> _Exercise data_:
.....

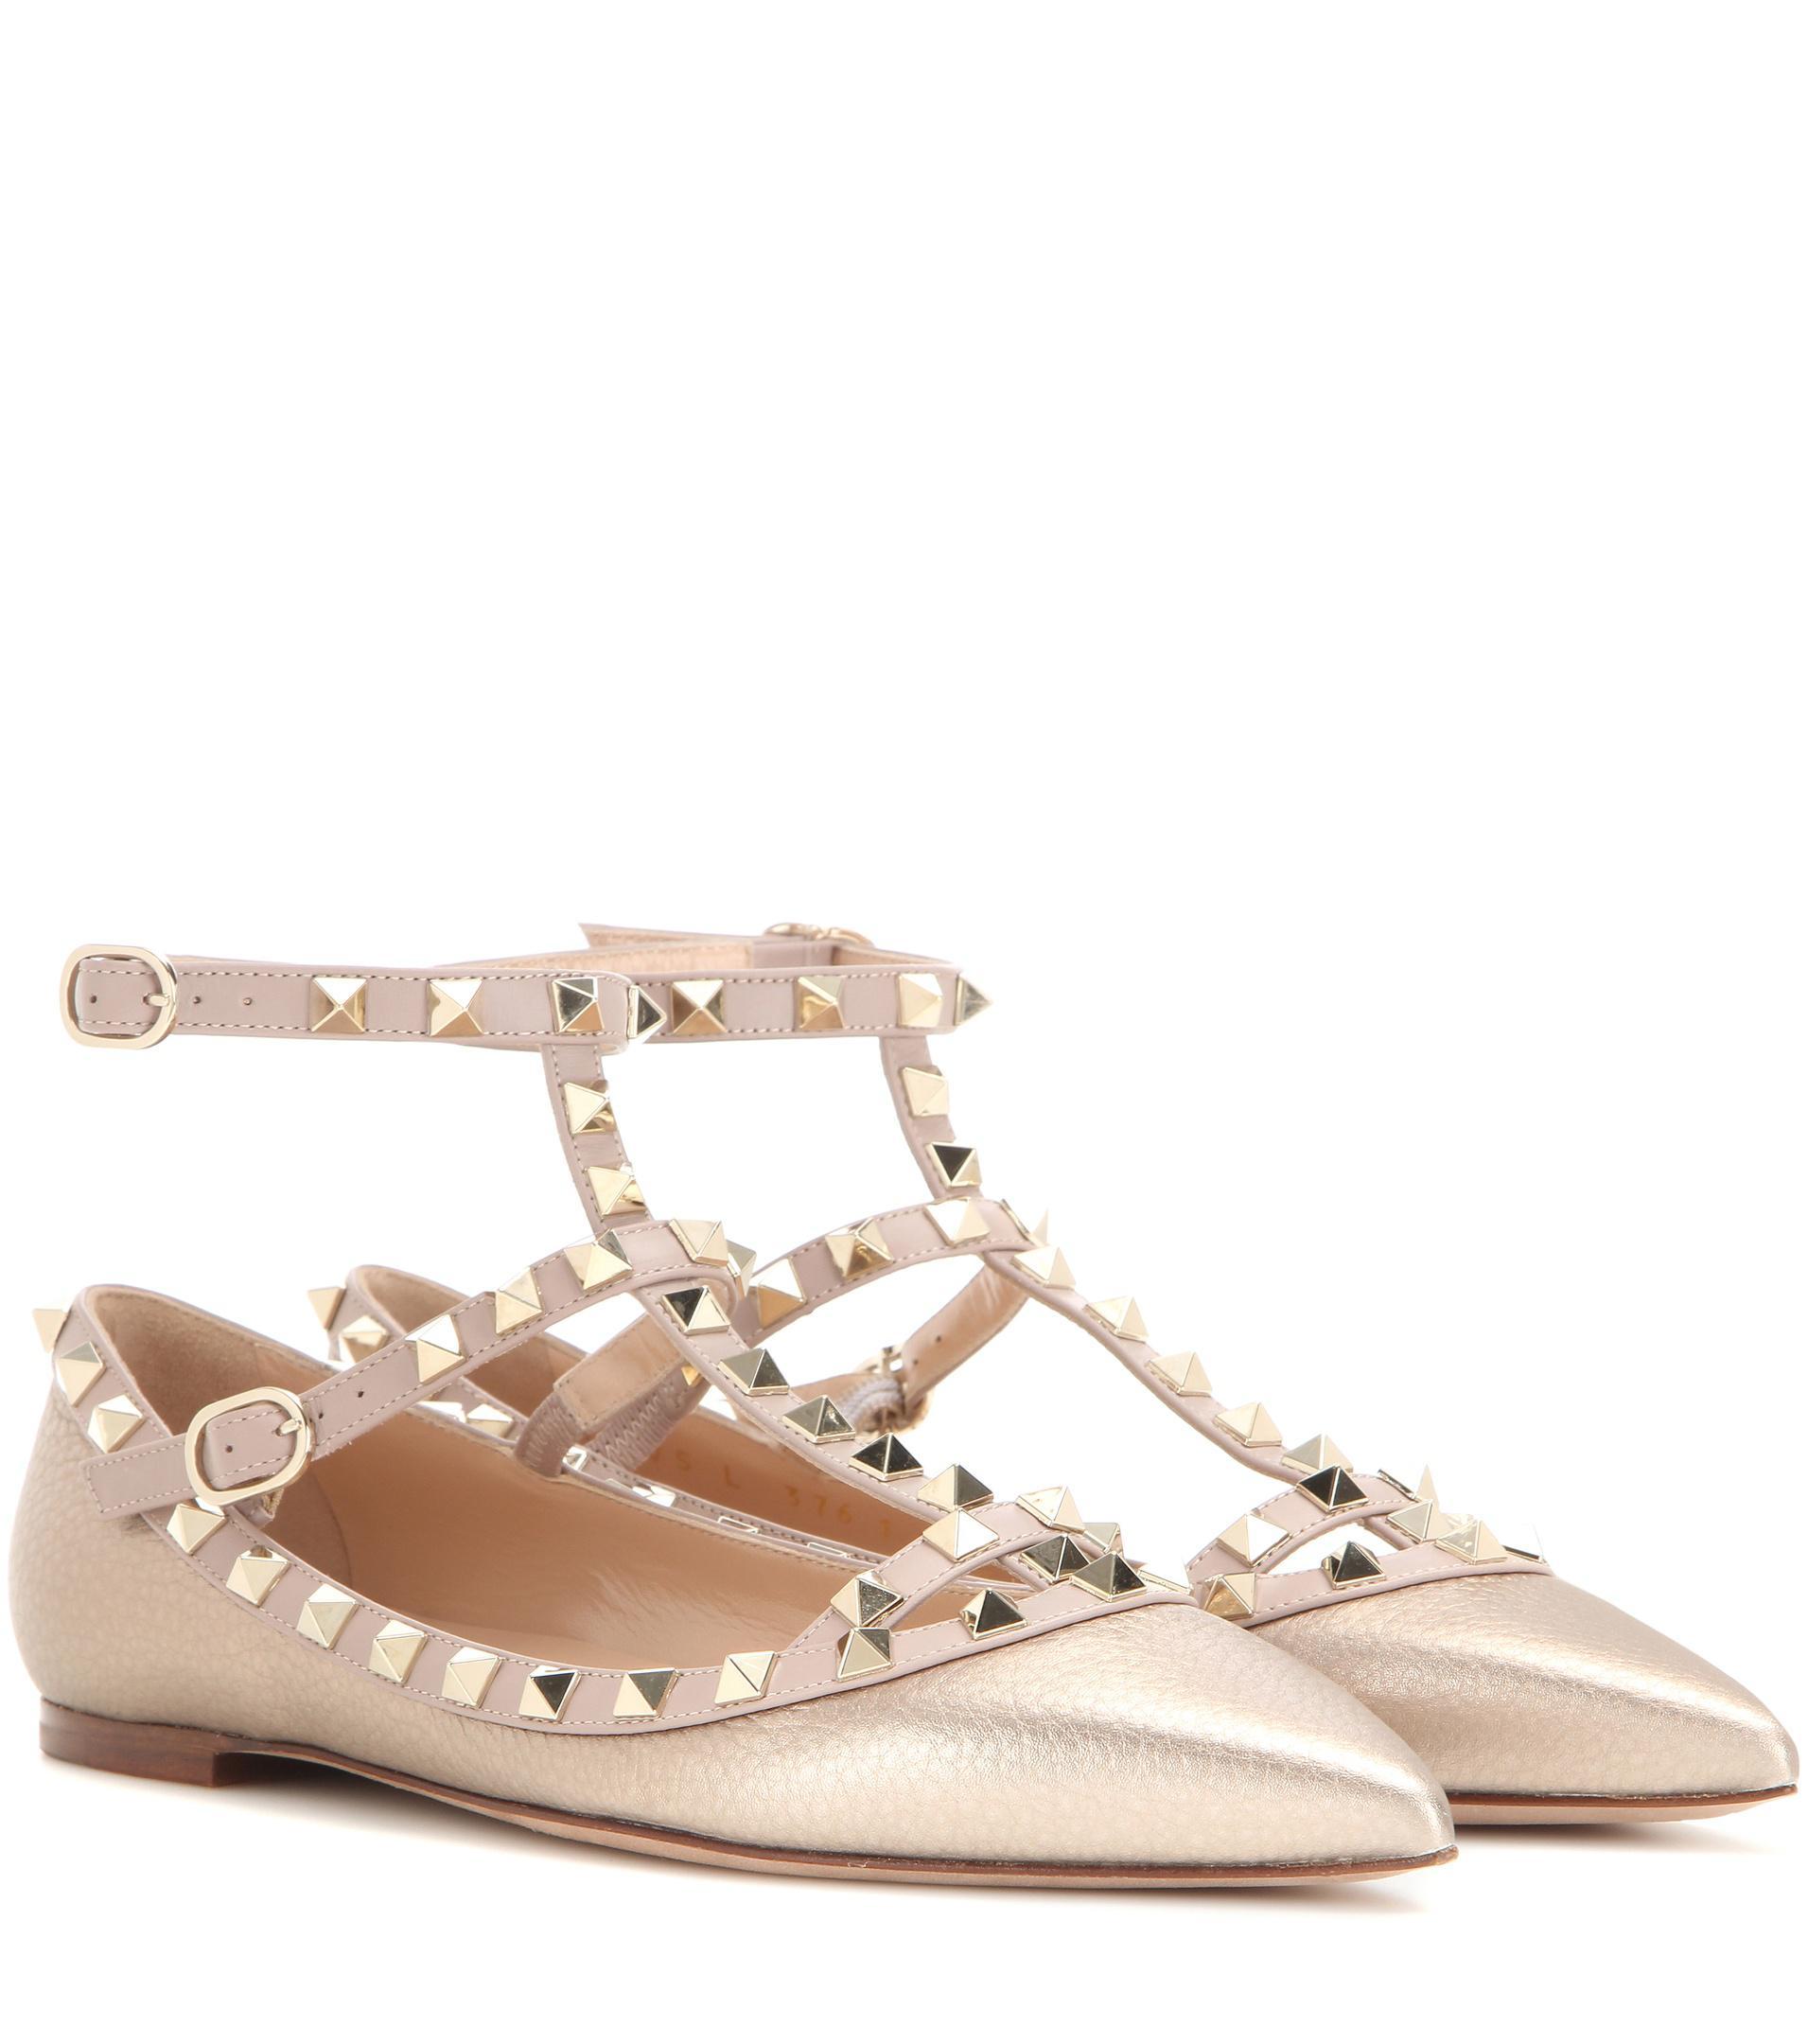 Garavani Rockstud metallic leather ballerinas Valentino AxEsvL
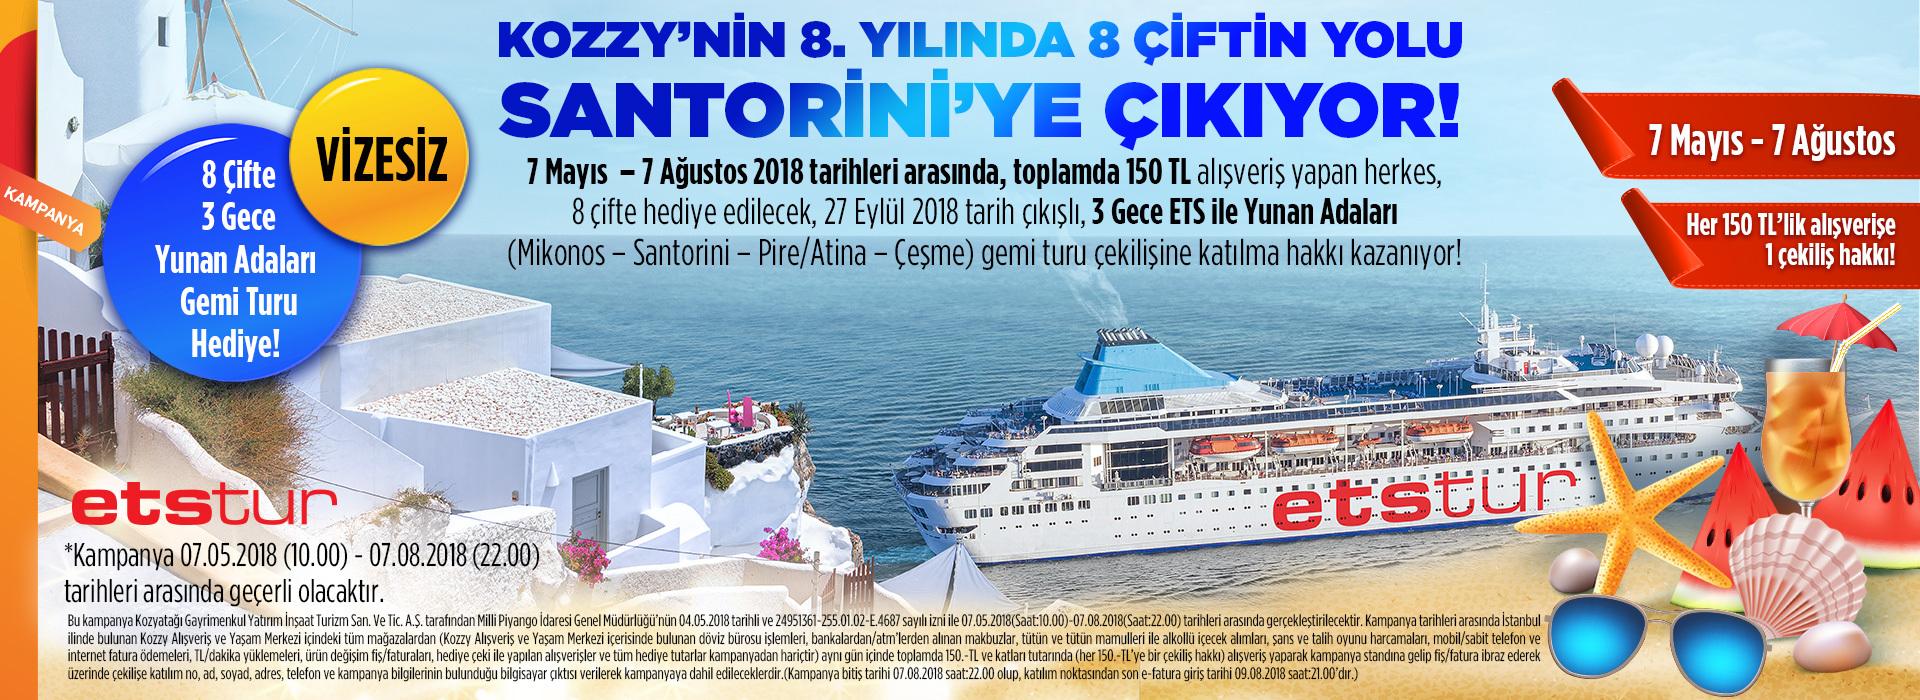 Kozzy'nin 8. Yılında 8 Çiftin Yolu Santorini'ye Çıkıyor!
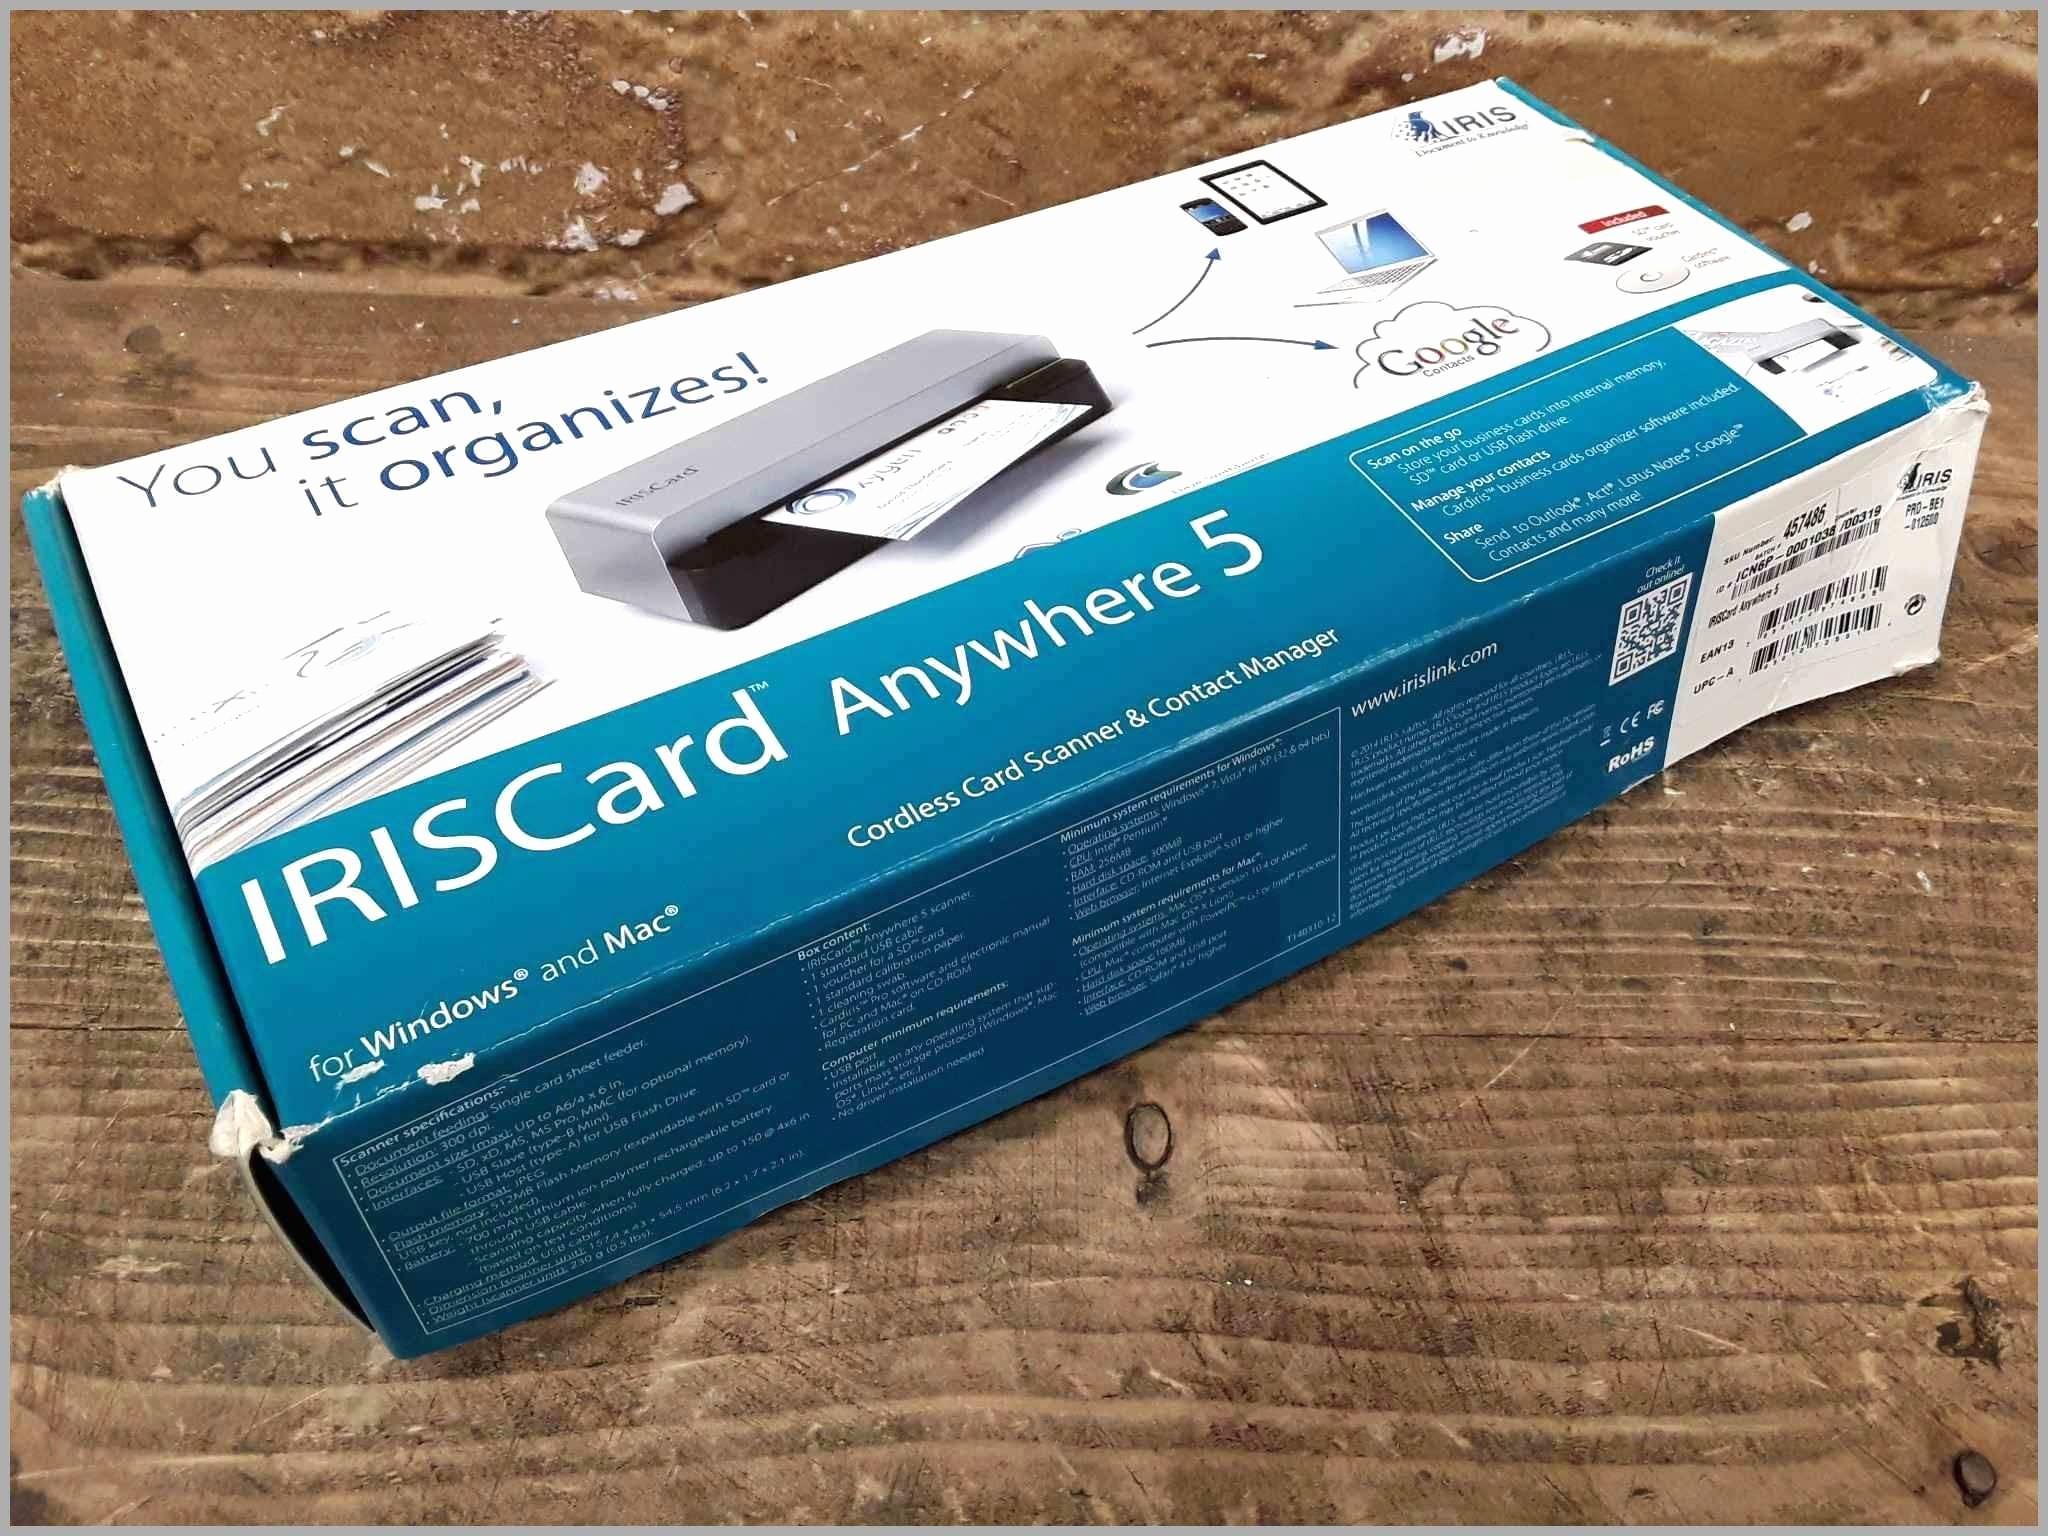 Royal Brites Business Cards Templates Unique 58 Inspirational Royal Brites Business Cards

.....

> _Work to be completed_:
What is needed here is each line above set down word for word, minus the images.

> _Exercise response_:
 Garavani Rockstud metallic leather ballerinas Valentino AxEsvL
 Kozzy'nin 8. Yılında 8 Çiftin Yolu Santorini'ye Çıkıyor!
 Royal Brites Business Cards Templates Unique 58 Inspirational Royal Brites Business Cards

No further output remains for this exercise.